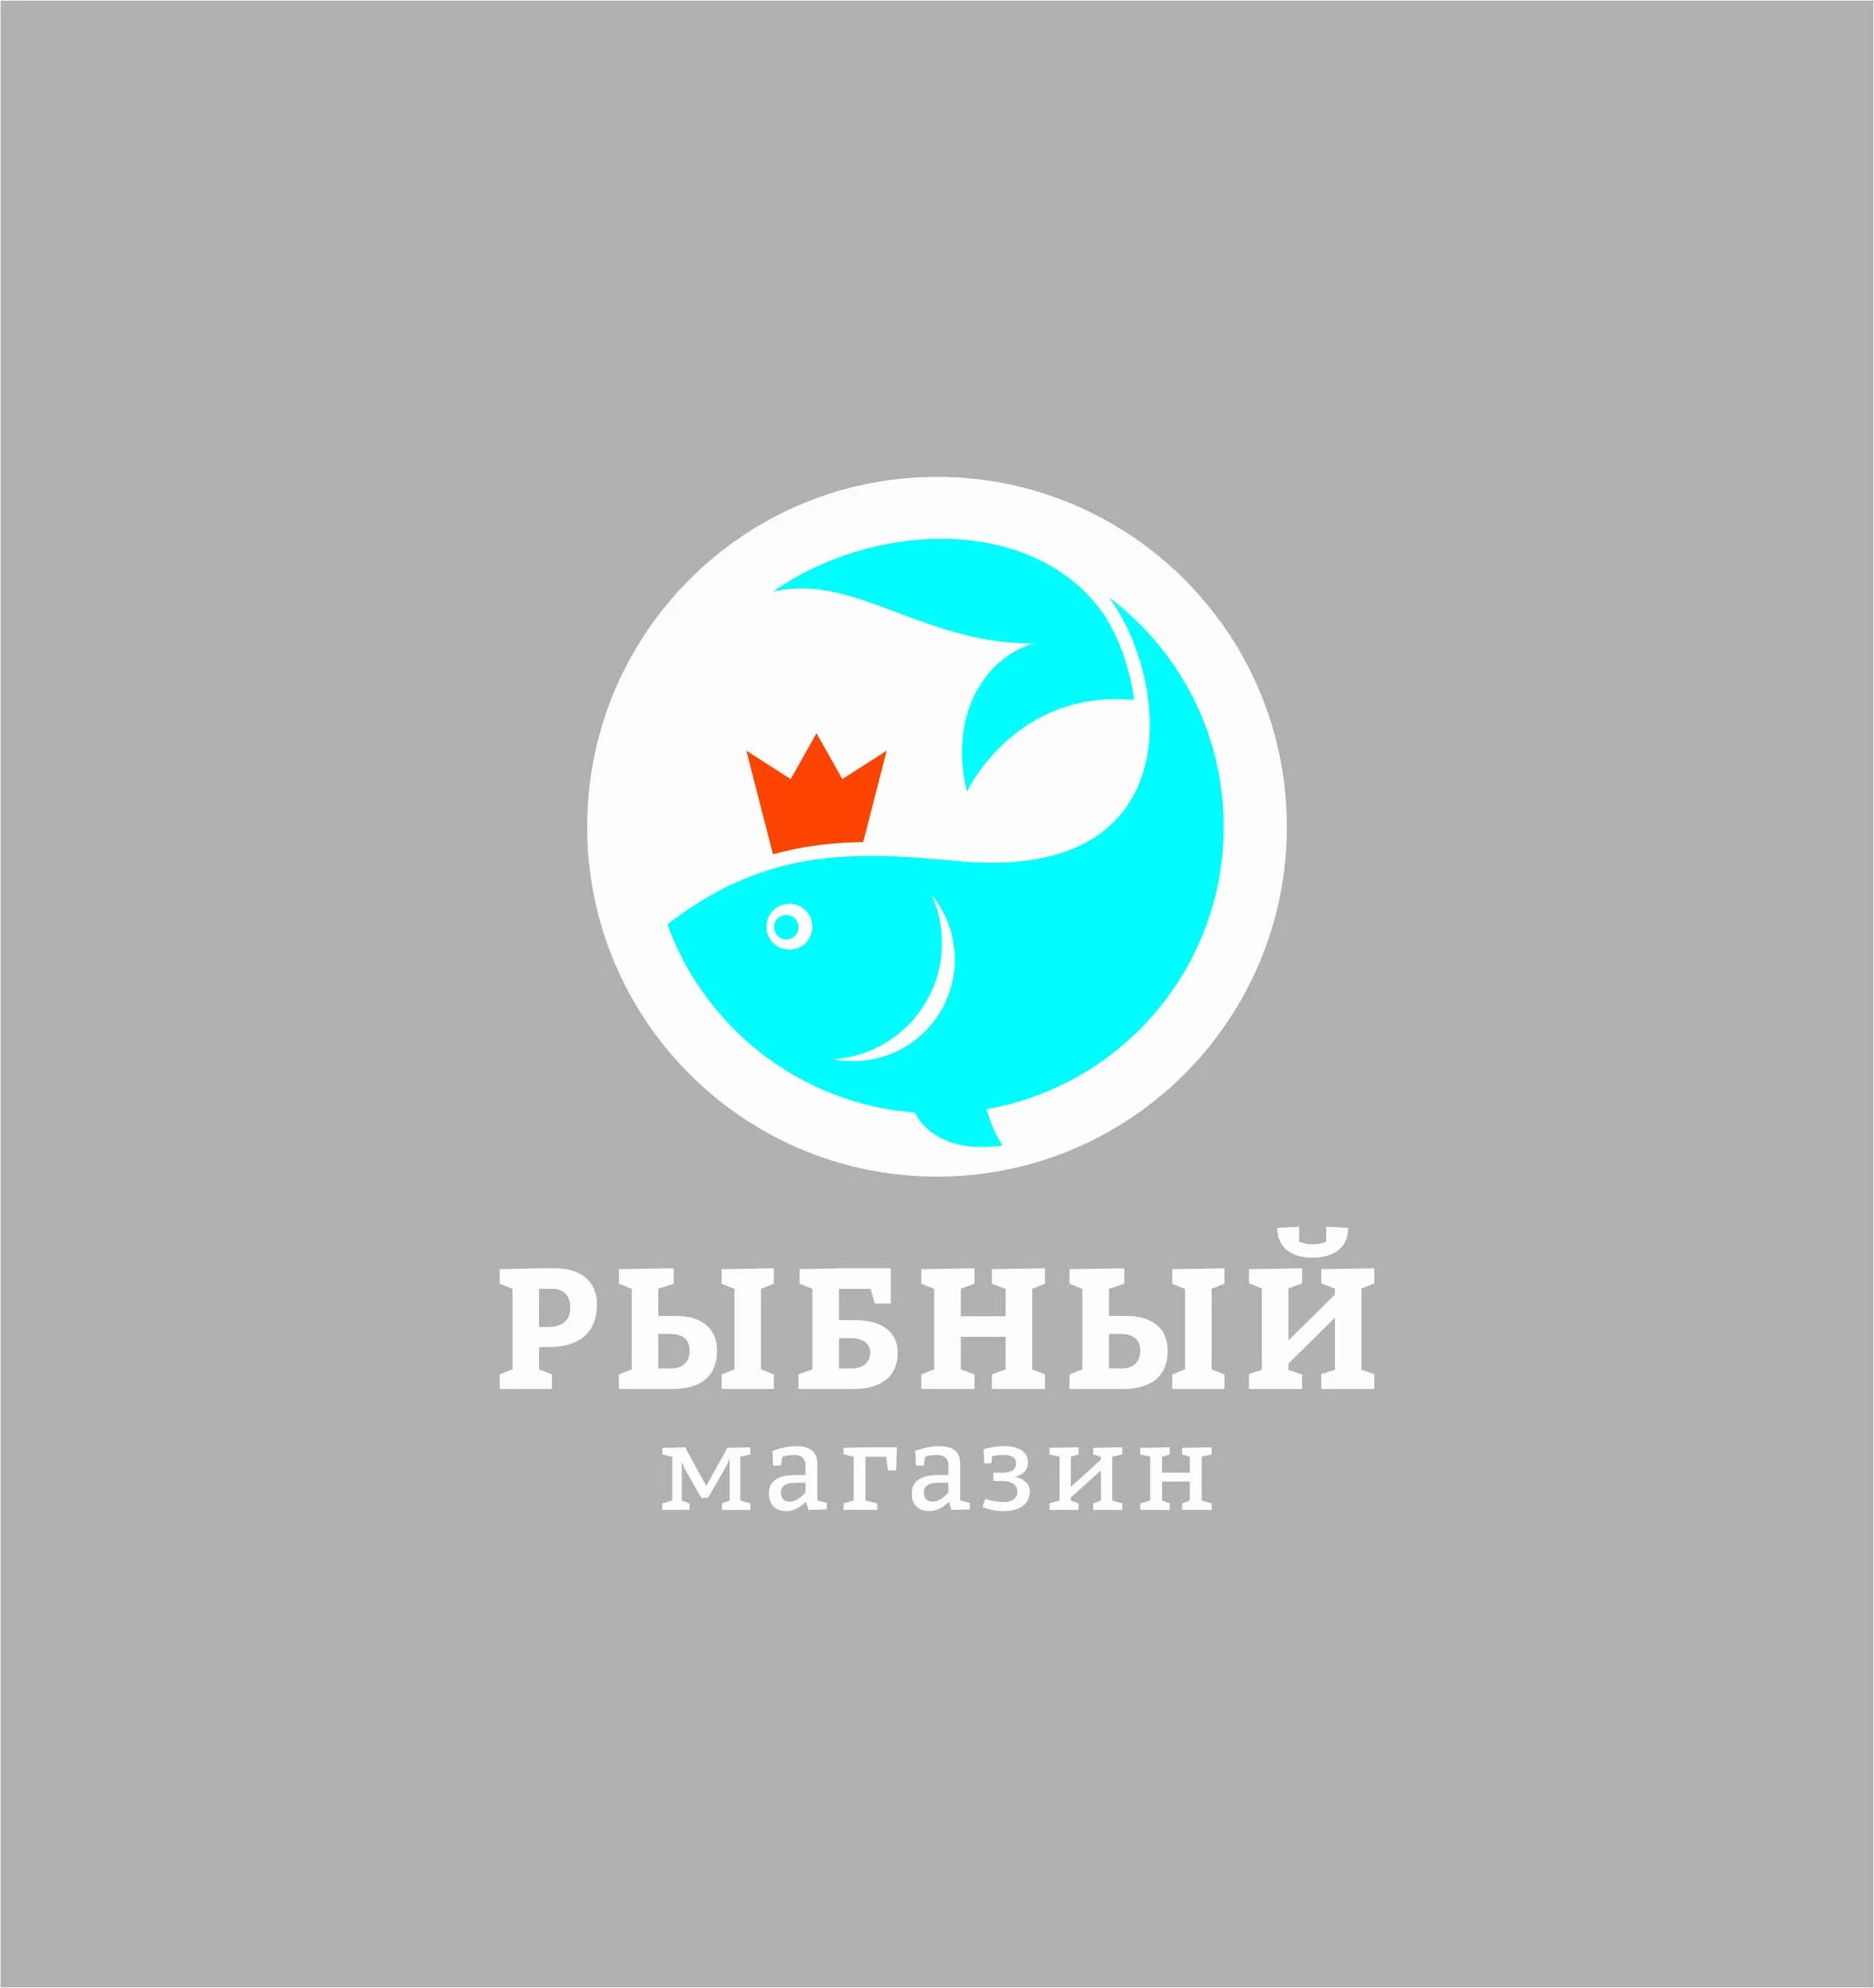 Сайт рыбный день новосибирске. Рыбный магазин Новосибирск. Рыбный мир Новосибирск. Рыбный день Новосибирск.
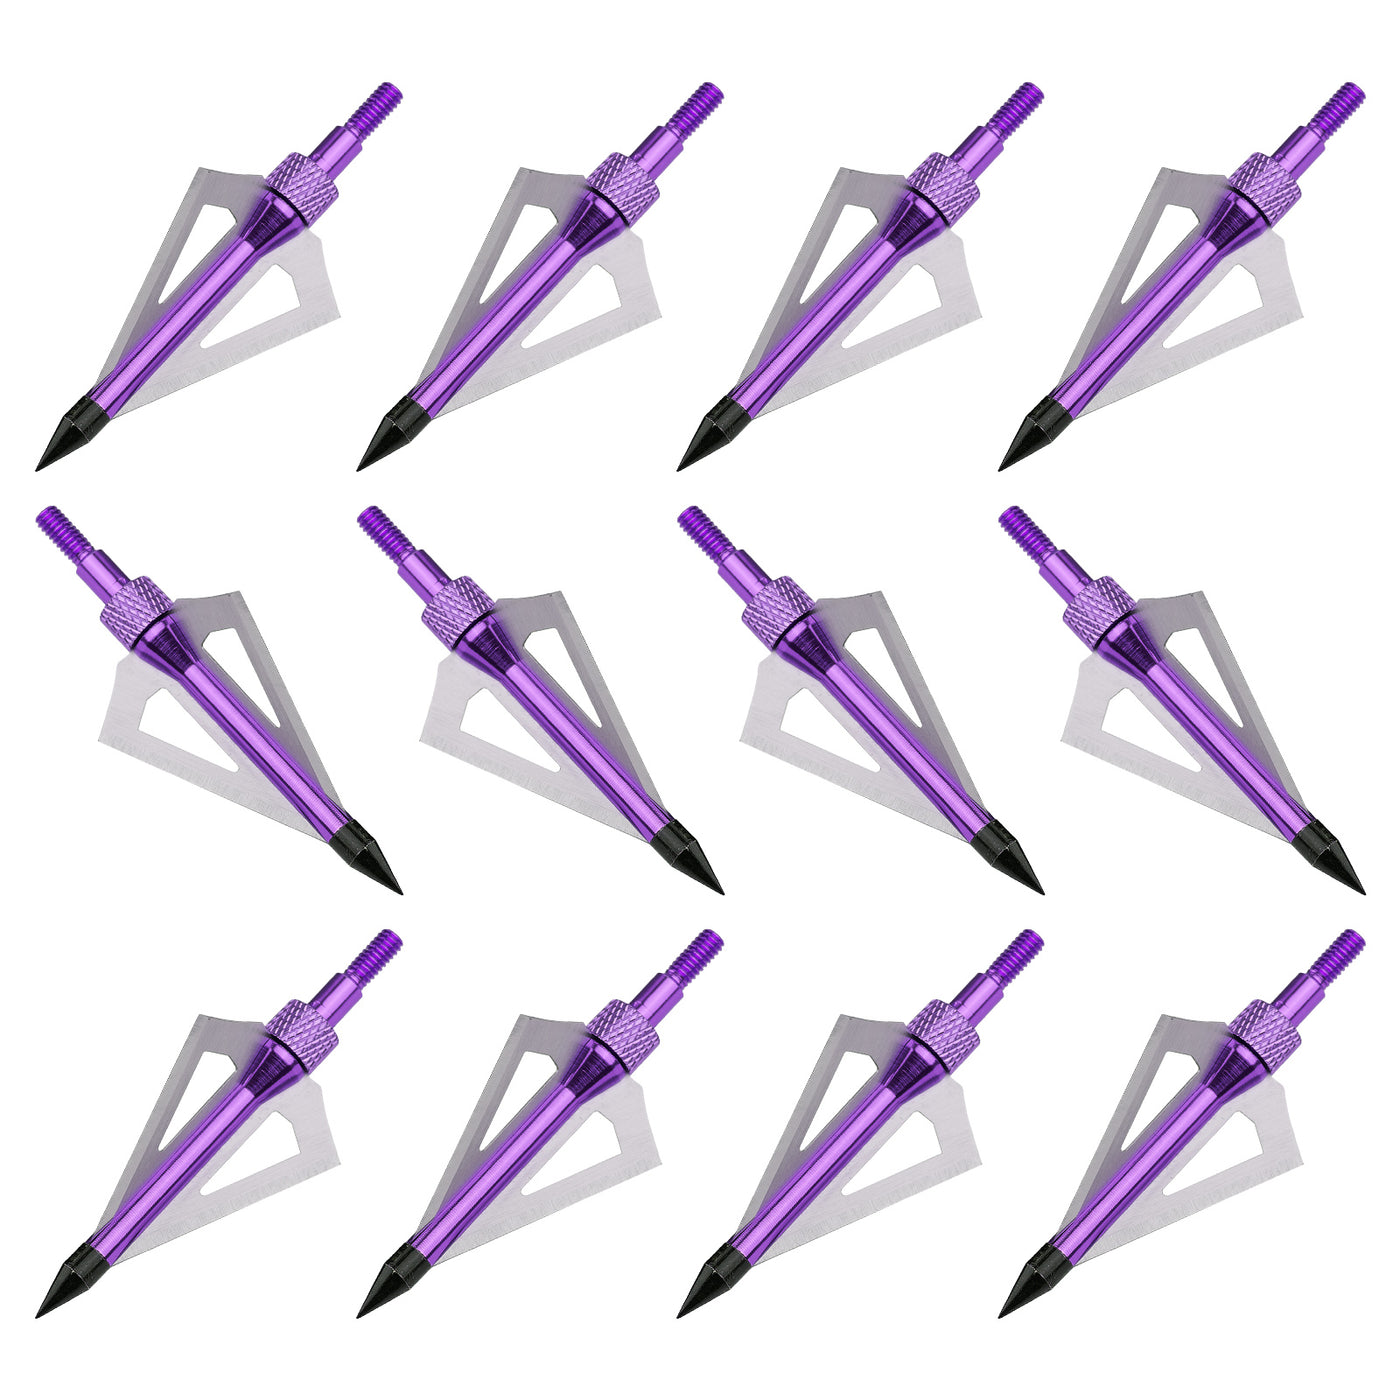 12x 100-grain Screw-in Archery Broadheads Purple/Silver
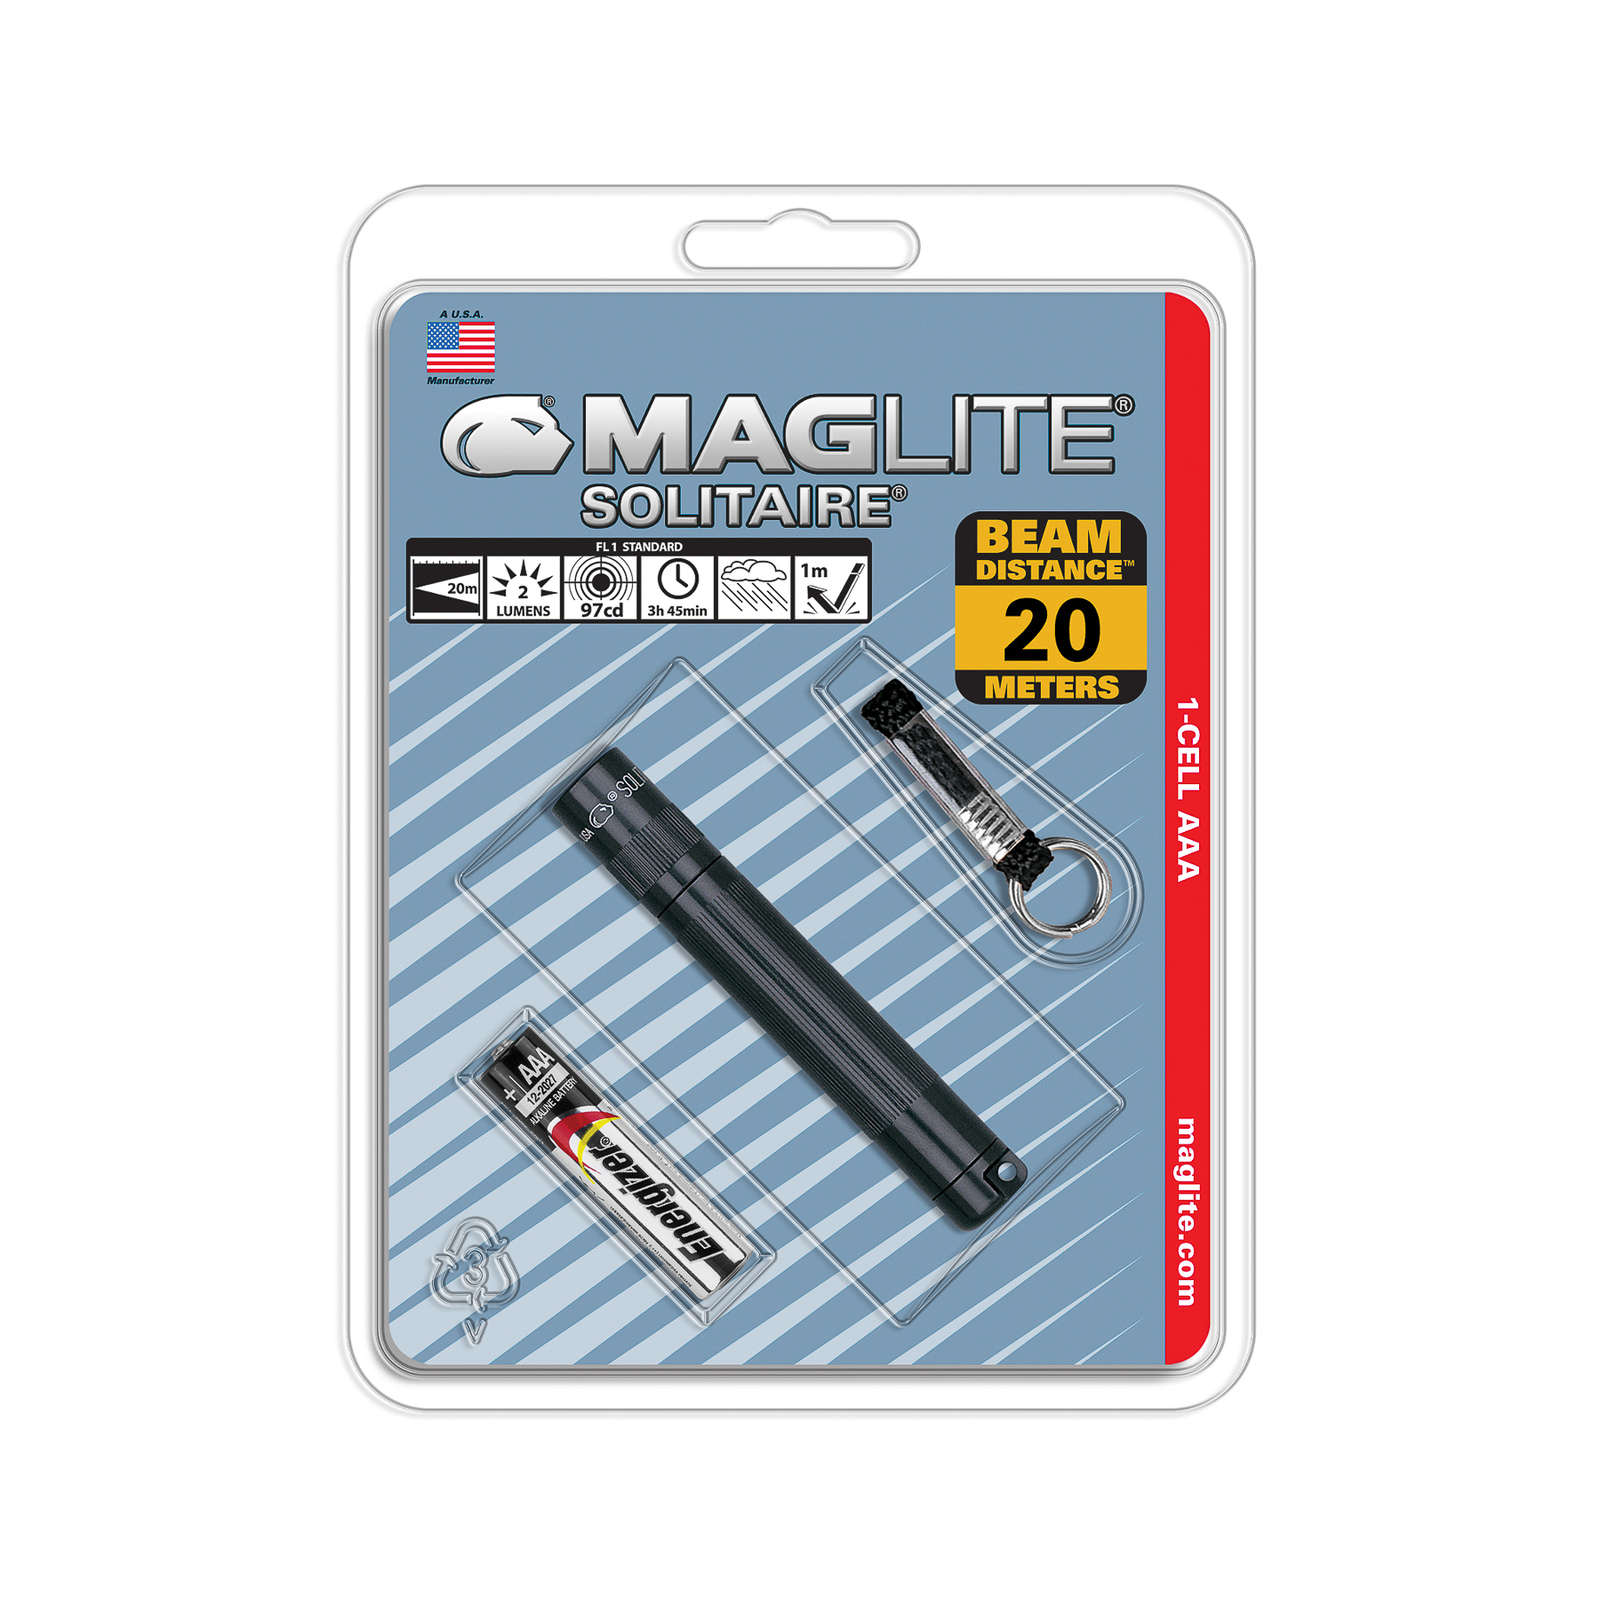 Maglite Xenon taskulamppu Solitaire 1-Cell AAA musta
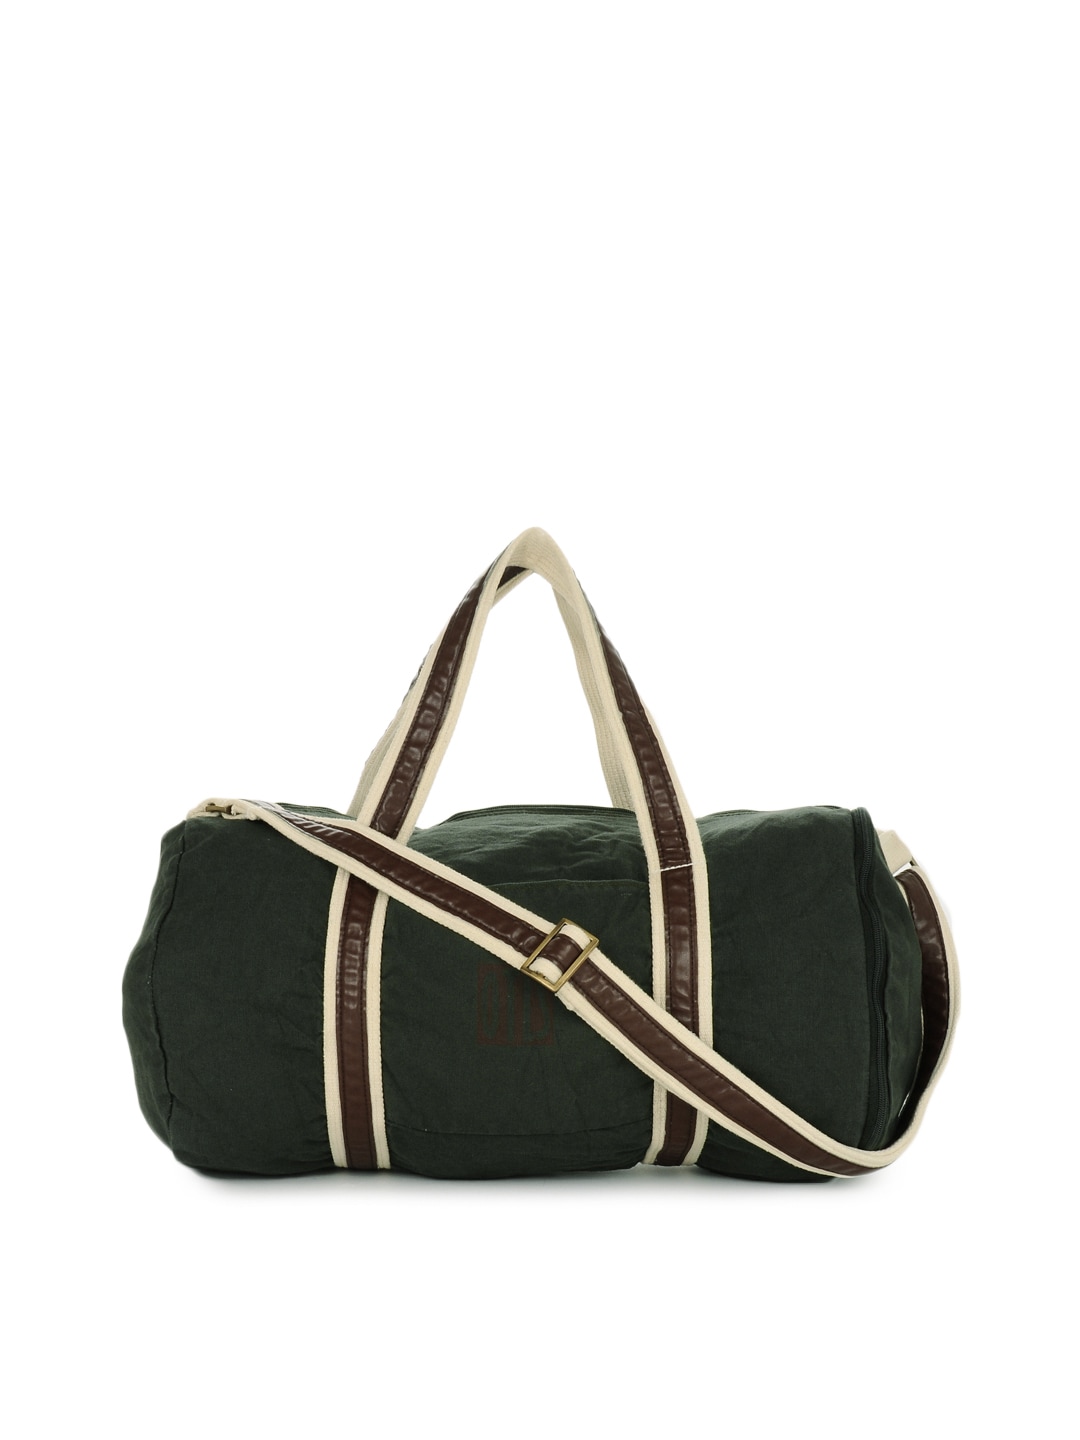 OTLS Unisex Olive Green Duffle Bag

....................

Write out every line above exactly, minus images.

 Сайт рыбный день новосибирске. Рыбный магазин Новосибирск. Рыбный мир Новосибирск. Рыбный день Новосибирск.
 12x 100-grain Screw-in Archery Broadheads Purple/Silver
 Maglite Xenon taskulamppu Solitaire 1-Cell AAA musta
 OTLS Unisex Olive Green Duffle Bag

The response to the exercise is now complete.